The Instituto de Investigaciones de Investigaciones de Viandas Tropicales (INIVIT) of Villa Clara promotes the use of la flour to produce bread and pizza, according to a report from official media.
"You can replace one hundred percent of the wheat flour with cassava flour to make the pancake, you have seen it here,” he told the telecentre. Telecubanacan an official whose name was not specified in the report.
The man also added that you can also replace 50 percent of the wheat flour with cassava flour to make bread and “70 percent to make pizza.”
According to the report, before processing the tuber to make flour for human consumption, it must be dried because it is mostly composed of water.
“How many products can be made from cassava flour and one problem we have is that we are depending on the wheat that is imported for everything we are talking about,” stressed the interviewee.
In addition to its use in baking and pastries, INIVIT proposed the use of this food as a dietary supplement for pigs and cattle.
Not only the root, but also the leaf - said the official - are ground to “enrich” the pigs.
For beef feed, he explained, one hectare of cassava can produce between 100 and 120 tons in three cuts a year, which represents three tons of annual protein, the man pointed out.
In the face of the national crisis flour shortage For the production of bread, cookies and other products, in Cuba they have proposed several “alternatives” to deal with the absence of that primary component of bread.
Cassava has become one of the great protagonists of the Cuban food industry in the face of lack of bread, denied by the government on several occasions.
Currently it is one of the most used agricultural products to make “extenders” that would replace wheat flour in bread and pastry formulations.
In Cienfuegos a company is working on experimental formulas to replace wheat flour with cooked cassava turned “into a gel”. After previous cooking, it becomes a paste to which flour is added.

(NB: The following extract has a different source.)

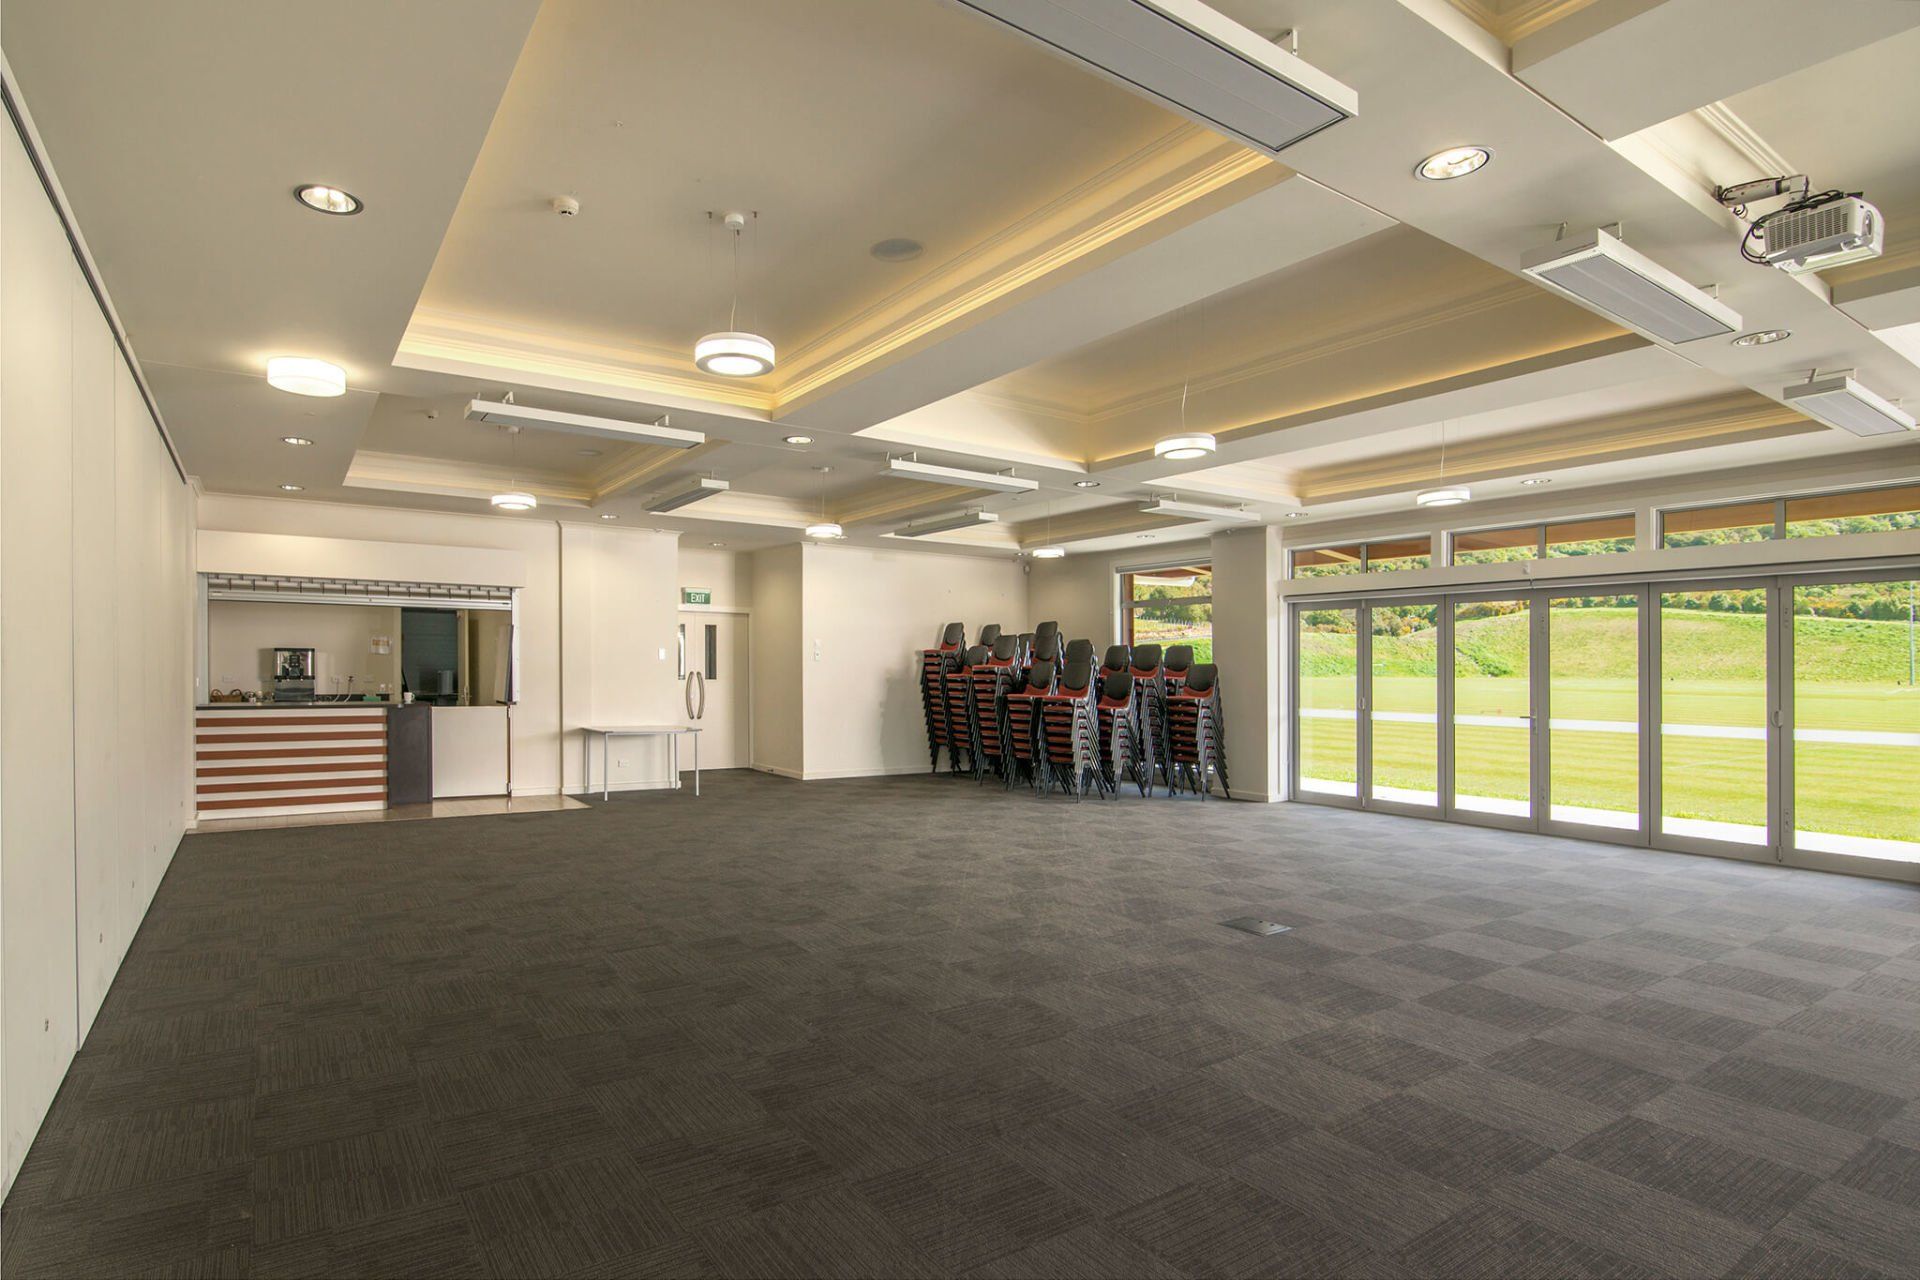 The Regal Room at Endeavour Park Pavilion in Picton

As they recently pointed out, their purpose is to experiment in these cassava productions until 100 percent is that product.
In Camagüey, creativity has gone even further, since this food It is also used in the preparation of hamburgers and croquettes.
In this case, official sources explained, the cassava is processed with machinery that grinds cookies, after manually removing the peel, drying it in the sun for three to four days and then grinding the tuber into flour.